#### The following multi-part constructed response question, explained here in hopes of helping algebra students in Maryland and Illinois prepare for the PARCC test near the end of this school year, appears on the released version of PARCC’s Spring 2015 test in algebra 1, here:

### Part A

List the steps to solve the equation ** x^{2} + 12x – 28 = 0** by completing the square, and give the solution or solutions.

Enter your work and your answers in the space provided.

### Part B

Explain what value or values of ** c** make the equation

**have one and only one solution. Justify your answer.**

*x*^{2}+ 12*x*+*c*= 0Enter your answer and your justification in the space provided.
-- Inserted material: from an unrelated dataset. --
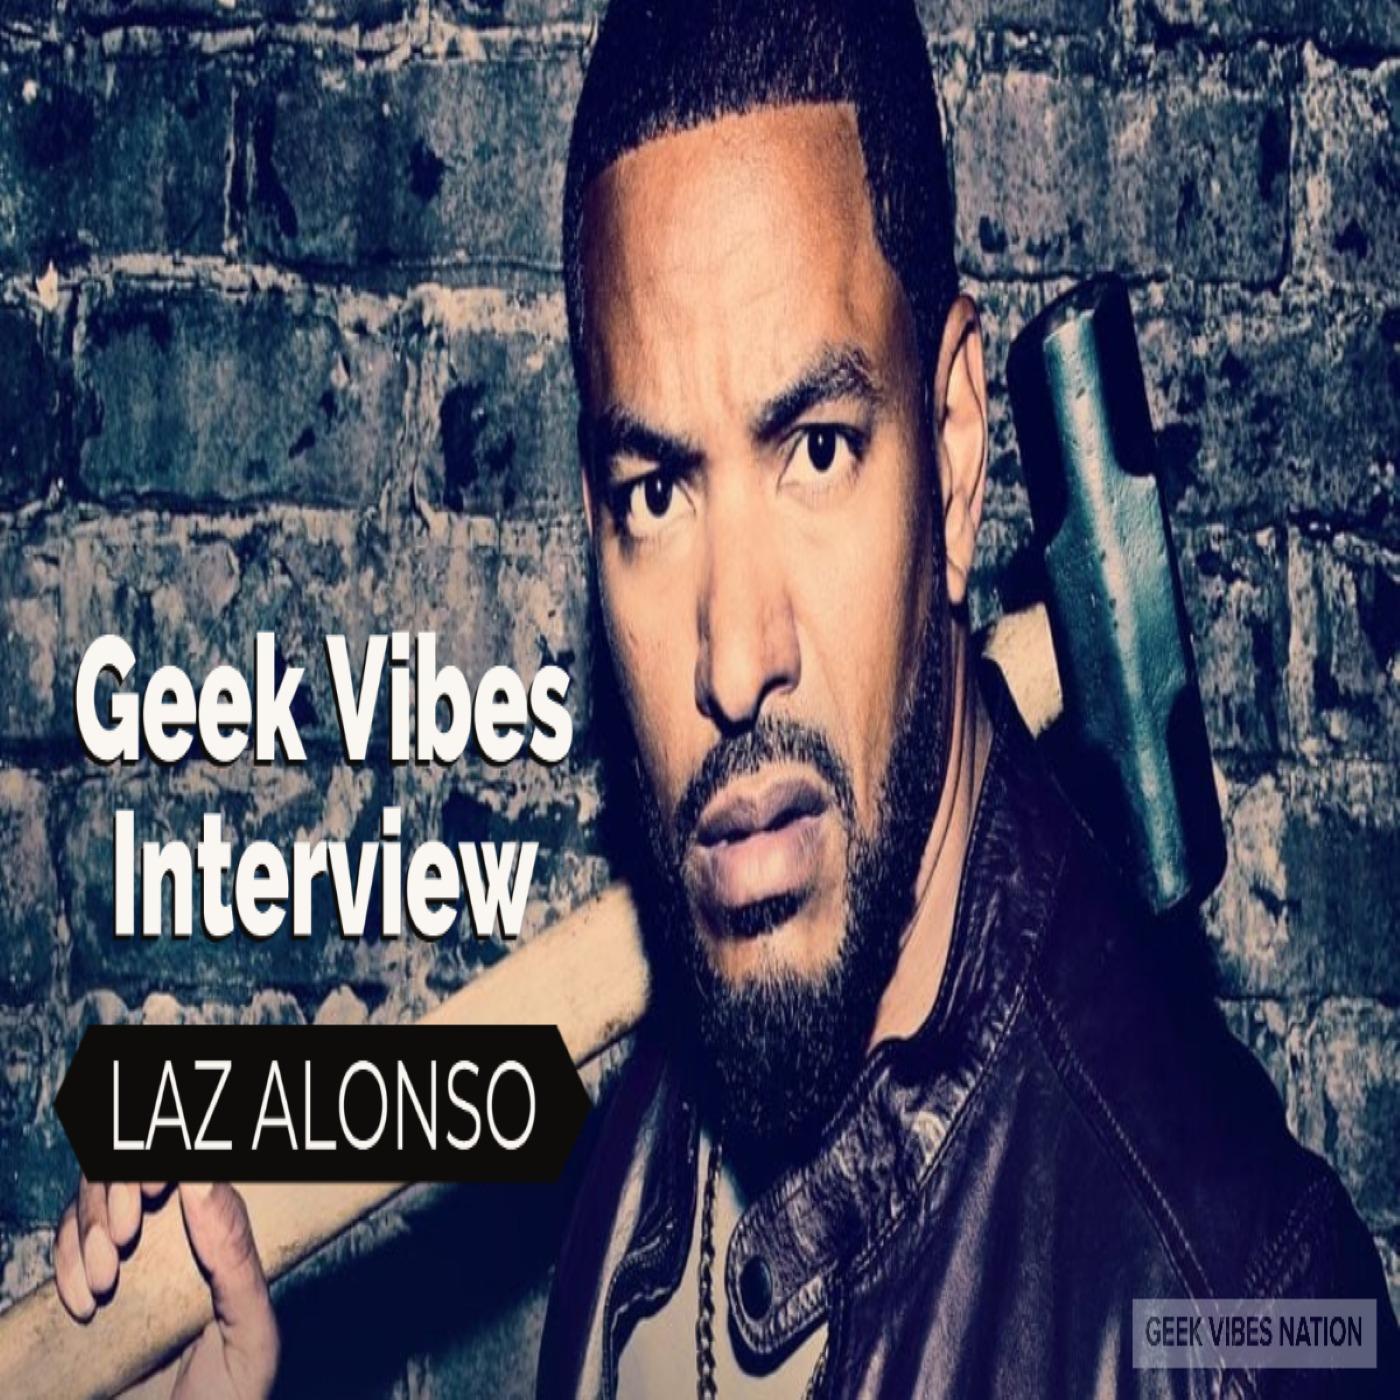 Geek Vibes Interview w/ Laz Alonso
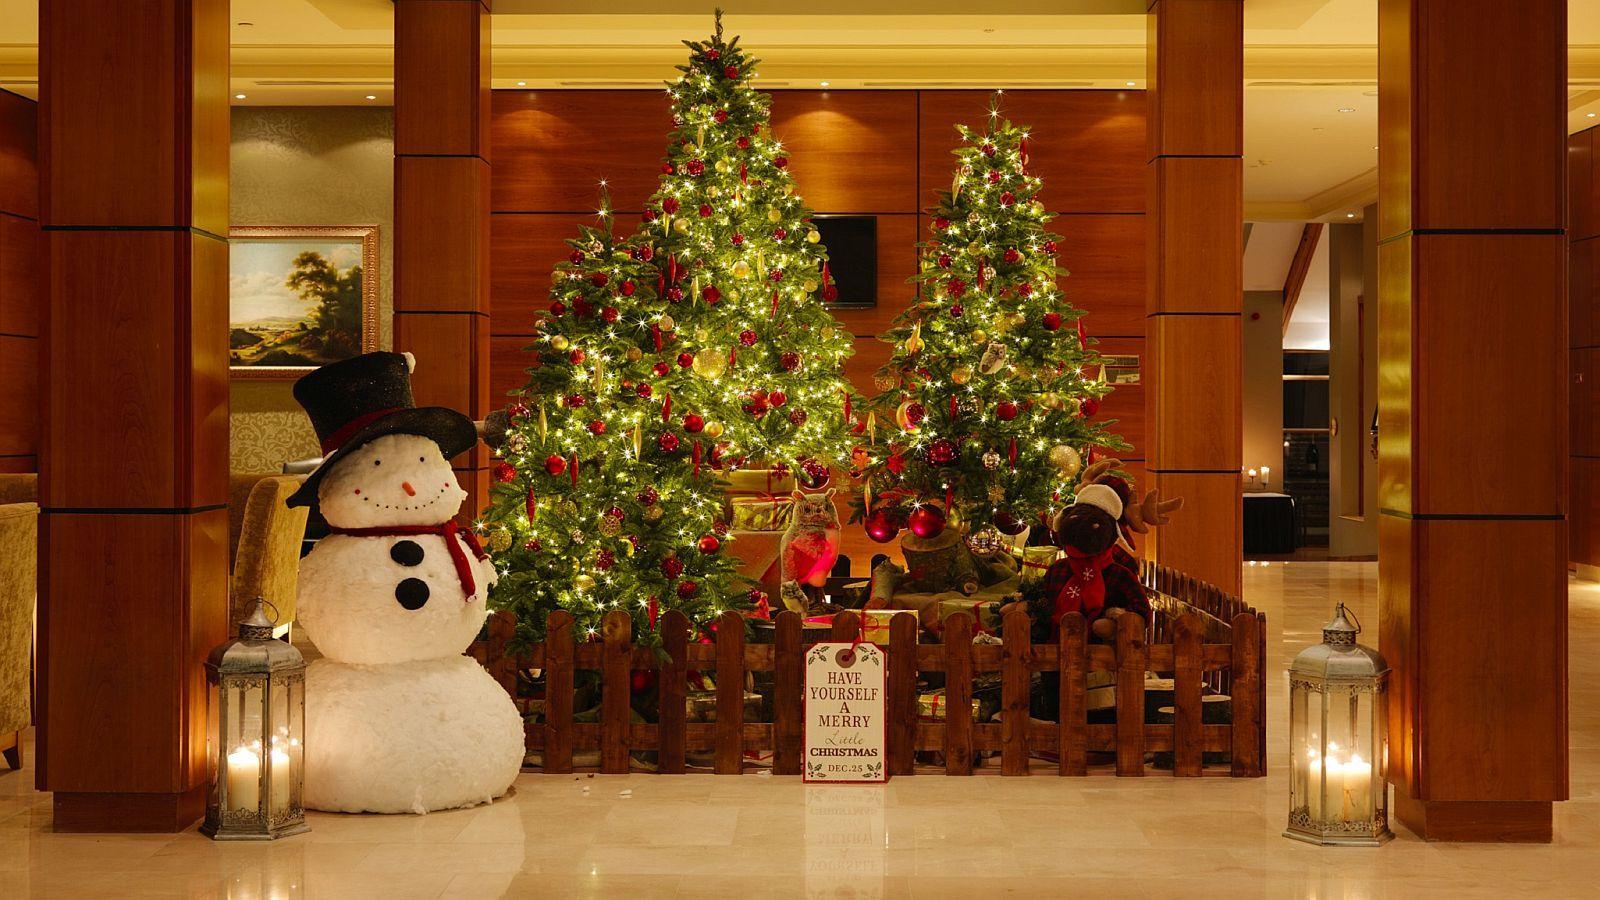 Christmas | Christmas Vouchers | Druids Glen Vouchers

## Resources for further study

**Purple Math**, developed by Elizabeth Stapel, a math teacher from the St Louis area, has a two-page series on completing the square. She outlines the entire process, step by step, for the general case and then gives a few specific examples to show how to find the zeros of a quadratic equation by completing the square. The pages start here.

Chapter 4, Section 4.7 of the book * Algebra 2, Illinois edition* by

**Ron Larson**

*et al*is entitled “Completing the Square” and it is useful indeed. But in Section 4.8, he identifies a key concept regarding the discriminant of a quadratic equation.

**The equation has exactly:**

**2 real**solutions if the discriminant is positive**1 real**solution if the discriminant is zero**2 imaginary**solutions if the discriminant is negative

Complete reference: Ron Larson, Laurie Boswell, Timothy D Kanold, Lee Stiff. *Algebra 2*, Illinois edition. Evanston, Ill.: McDougal Littell, a division of Houghton Mifflin Company, 2008. The book is used in several algebra classes taught in Illinois high schools.

## Analysis of this question and online accessibility

The question measures knowledge of the Common Core standard and math practices it purports to measure and tests students’ ability to solve a quadratic equation by completing the square and understand the meaning of the discriminant in the quadratic formula. It is considered to have a high cognitive demand.

The reliance on a single solution strategy is one of the flaws in the Common Core. Sure, completing the square is a useful way to solve quadratic equations, but it is one of many solution strategies, including the quadratic formula, graphing the function, factoring, and a few other techniques students can use. In fact, completing the square is, in some ways, just an algebraic solution with the realization that sometimes you have to take one step back before you can take two forward in solving a math problem. That’s a useful concept: if you can’t break through a wall, try to go around it.

Consider, for example, the sentence in Math Practice 3 that says, “Students learn to determine domains to which an argument applies.” By directing students to use the method of completing the square—undoubtedly an appropriate strategy for this particular quadratic equation, since it won’t factor neatly—the Common Core robs educators of their ability to assess whether a student is able to decide for himself which approach to use. That prior restraint, imposed by the Common Core and amplified on the test, violates the spirit of the Common Core. But in any event, the question is perfectly aligned to the content standard.

The question can be tested online and should yield results that are as valid and reliable as those obtained on paper. Students online may experience difficulties using the equation editor to show their math in determining the slope. We have previously described problems with the user interface of the equation editor tool (see here), and we will not repeat that argument here. However, we will use the opportunity to remind those of you taking the PARCC math test to spend a little extra time on problems with the equation editor to:

- Make sure you have typed in all the work necessary to make your case
- Transfer all your work from scratch paper to the computer so you can receive credit for it

No special accommodation challenges can be identified with this question, so the question is considered fair.

## Challenge

Identify one value of *c* in Part B for which the quadratic equation will have two imaginary solutions and plot the graph. How does the graph differ from the one you found in Part B.

## Purpose of this series of posts

Voxitatis is developing blog posts that address every algebra 1 question released to the public by the Partnership for Assessment of Readiness for College and Careers, or PARCC, in order to help students prepare to take the test this spring.

Our total release will run from February 27 through March 15, with one or two questions discussed per day. Then we’ll move to geometry at the end of March, algebra 2 during the first half of April, and eighth grade during the last half of April.